FlatRun integrates with Certbot to provide automatic SSL certificate provisioning and renewal through Let's Encrypt.
How It Works
- You configure a domain for a deployment
- FlatRun requests a certificate from Let's Encrypt via Certbot
- The certificate is validated using HTTP-01 or DNS-01 challenge
- Nginx is configured to use the certificate
- Certificates are automatically renewed before expiration
Certbot Configuration
Configure Certbot in your agent config:
certbot:
enabled: true
image: certbot/certbot
email: admin@example.com
staging: false
certs_path: ""
webroot_path: ""
container_webroot_path: /var/www/certbot
dns_provider: "" | Option | Description |
|---|---|
enabled | Enable SSL automation |
image | Certbot Docker image |
email | Email for Let's Encrypt notifications |
staging | Use staging environment (for testing) |
certs_path | Path to store certificates |
webroot_path | Webroot for HTTP-01 validation |
dns_provider | DNS provider for DNS-01 validation |
staging: true during initial setup to avoid rate limits. Switch to false when ready for production.
Validation Methods
HTTP-01 (Default)
The default method. Certbot places a file in your webroot and Let's Encrypt verifies it's accessible via HTTP.
Requirements:
- Port 80 must be accessible from the internet
- Domain must point to your server
- Nginx must be running
# Nginx config for HTTP-01 validation
location /.well-known/acme-challenge/ {
root /var/www/certbot;
} DNS-01
Validates by creating a DNS TXT record. Useful for:
- Servers behind firewalls
- Wildcard certificates
- Non-web services
certbot:
enabled: true
dns_provider: cloudflare Supported DNS providers:
- Cloudflare
- DigitalOcean
- Route53 (AWS)
- Google Cloud DNS
- And many more (via Certbot plugins)
Certificate Storage
Certificates are stored in the deployments path by default:
/var/flatrun/deployments/
└── nginx/
└── certs/
└── live/
└── example.com/
├── fullchain.pem
├── privkey.pem
└── chain.pem Requesting Certificates
Via UI
- Go to the Certificates page
- Click "Request Certificate"
- Enter the domain name
- Select validation method
- Click "Request"
Via API
curl -X POST "http://localhost:8090/api/certificates" \
-H "Authorization: Bearer $TOKEN" \
-H "Content-Type: application/json" \
-d '{
"domain": "blog.example.com"
}' Certificate Status
Certificates can be in one of these states:
| Status | Description |
|---|---|
valid | Certificate is valid (more than 30 days remaining) |
expiring | Certificate expires within 30 days |
expired | Certificate has expired |
Automatic Renewal
FlatRun monitors certificate expiration and can automatically renew certificates.

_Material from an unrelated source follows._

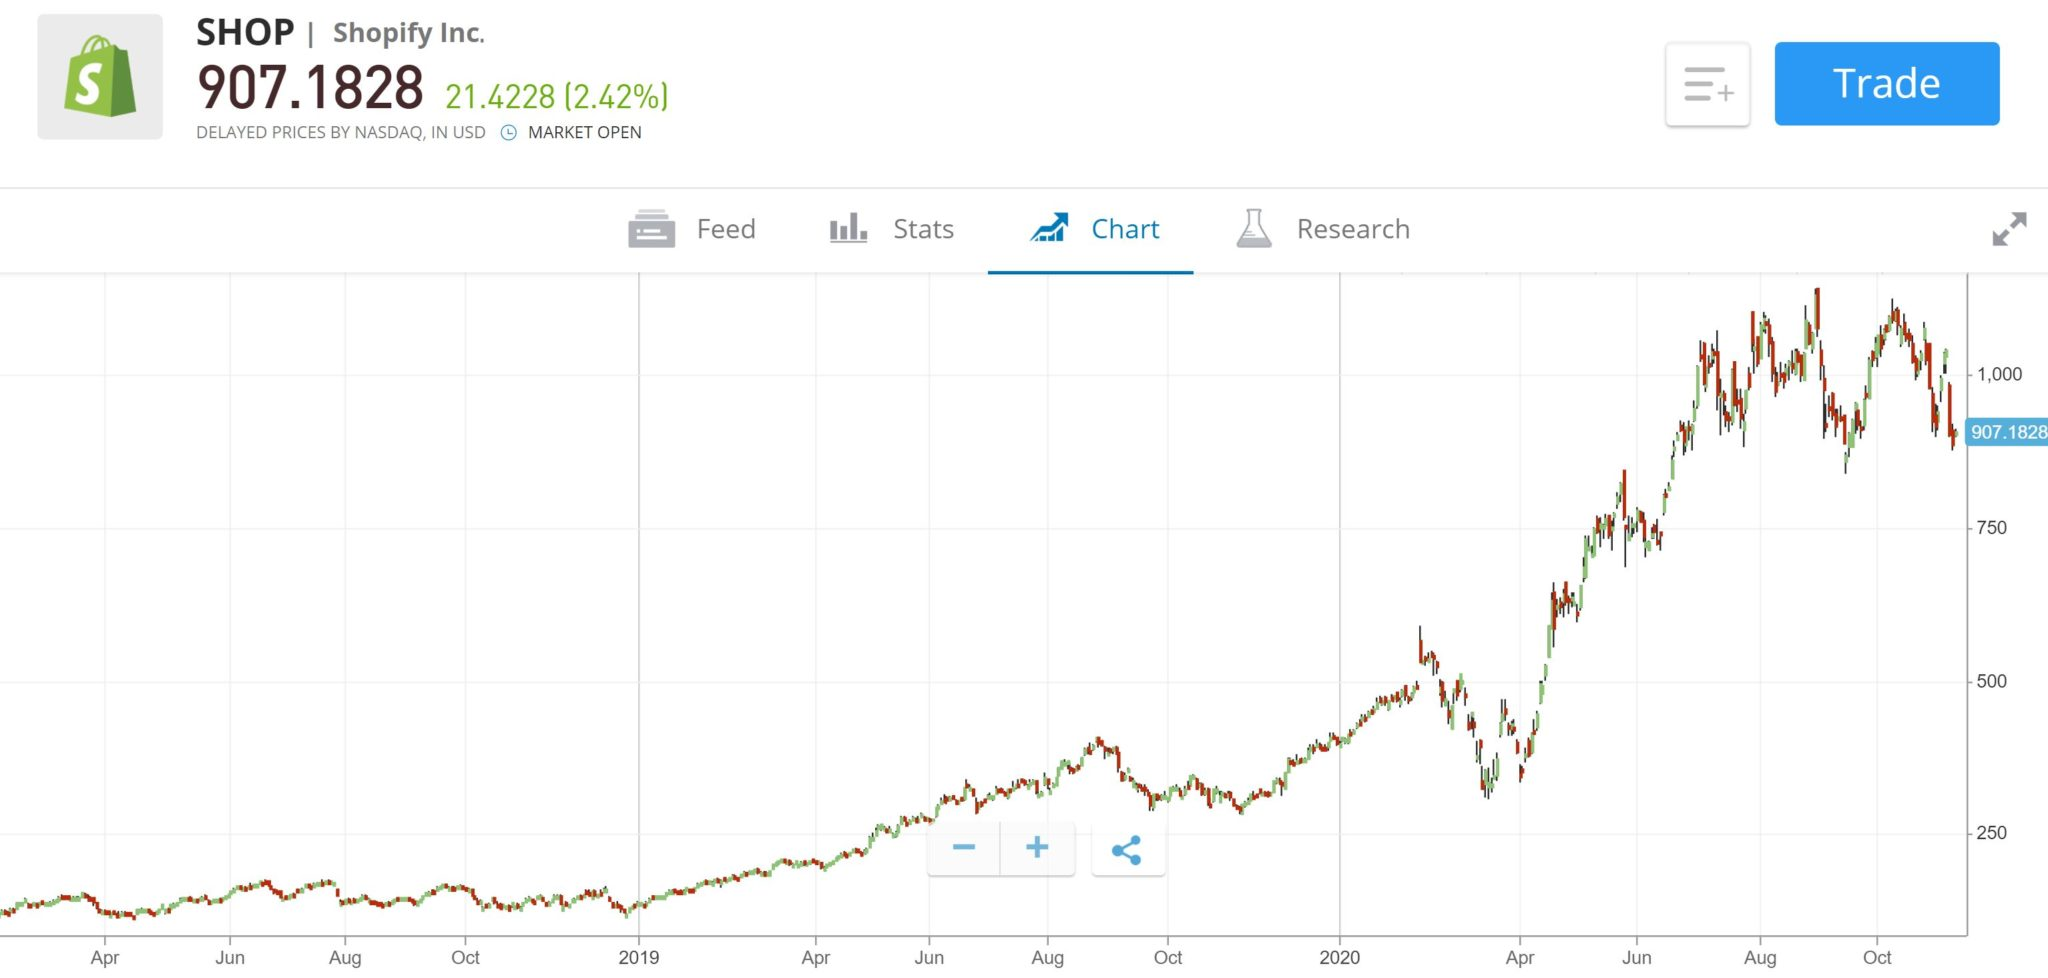 Shopify Stock Price Chart eToro

You can also trigger manual renewal:
# Renew all certificates
curl -X POST "http://localhost:8090/api/certificates/renew" \
-H "Authorization: Bearer $TOKEN" Configuring SSL for Deployments
Enable SSL in the deployment's service.yml:
name: My Blog
networking:
expose: true
domain: blog.example.com
port: 80
ssl:
enabled: true
auto_renew: true Or configure via the UI when setting up the proxy.
Manual Certificate Installation
You can also use existing certificates by placing them in the certs directory:
# Copy your certificates
mkdir -p /var/flatrun/deployments/nginx/certs/live/example.com
cp fullchain.pem /var/flatrun/deployments/nginx/certs/live/example.com/
cp privkey.pem /var/flatrun/deployments/nginx/certs/live/example.com/ Troubleshooting
Certificate Request Failed
- Verify the domain points to your server
- Check that port 80 is accessible
- Ensure Nginx is running and serving the webroot
- Check certbot logs in the container
Rate Limits
Let's Encrypt has rate limits. If you hit them:
- Wait for the rate limit to reset (usually 1 hour to 1 week)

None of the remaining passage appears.